Justine, la plus jeune, est à gauche. Marie, la plus âgée, est à droite… Deux vies, deux ambiances…
L’extrait de Pas sur ma liste de Marie Parson et Cassia Bellstone
Trouver un extrait est toujours compliqué. Pour l’extrait de Pas sur ma liste, ça l’était encore plus. Comment ne pas partager le début ? Sachant que vous pourrez bientôt le lire comme il sera disponible lors de la vente du roman ? Et en même temps comment partager autre chose avec l’alternance des points de vue ? Oui, parce que c’est Marie Parson qui gère Marie Derrien (et vous rirez bien dans l’interview quand vous comprendrez qu’elle a oublié que son pseudo d’autrice c’était Marie) et Cassia Bellstone qui gère Justine Leroy ?
Du coup, nous sommes du point de vue de Marie et nous découvrons la deuxième rencontre entre Marie et Justine, en plein cœur de Bordeaux. Marie est là pour rendre ses chaussures à Justine qui lui propose un verre parce qu’elle refuse de la voir déjà partir…
Bonne découverte de cet extrait de Pas sur ma liste. Bonne lecture !
Le véritable extrait est maintenant !
Il m’était rarement arrivé de perdre complètement le contrôle de ma vie. Pourtant, cet instant en faisait partie.
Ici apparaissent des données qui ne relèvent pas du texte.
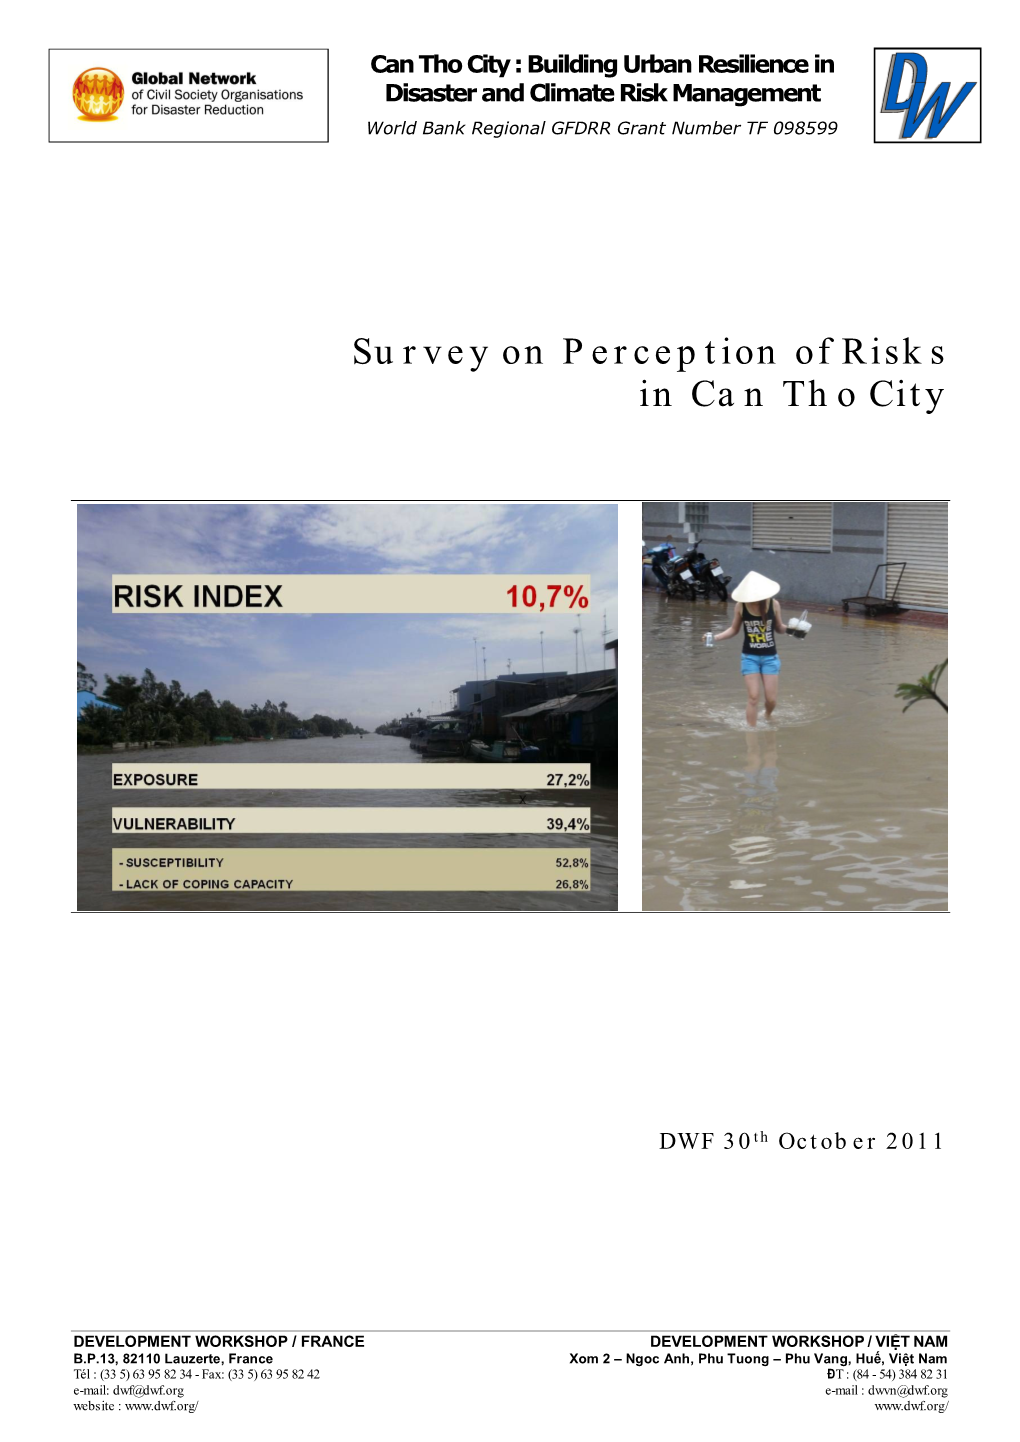 Survey on Perception of Risks in Can Tho City

Comment un talon cassé avait-il pu me conduire à retrouver une jeune femme qui devait avoir dix ou quinze ans de moins que moi, au milieu d’une place animée, un samedi soir ? Tout avait plus que dérapé ! Cette femme intrigante venait de me proposer de boire un verre et regardait mon alliance comme si c’était un talisman puissant qui m’empêchait de… de quoi au juste ? De m’accorder une soirée de détente ? De continuer à échanger avec elle ? Elle était drôle, pétillante et, pour une fois, j’avais envie de profiter du moment présent. Et de l’heureux hasard que représentait notre rencontre. Sans savoir pourquoi, je répondis aussitôt :
— Non, personne ne m’attend. Il n’y a plus personne, elle est…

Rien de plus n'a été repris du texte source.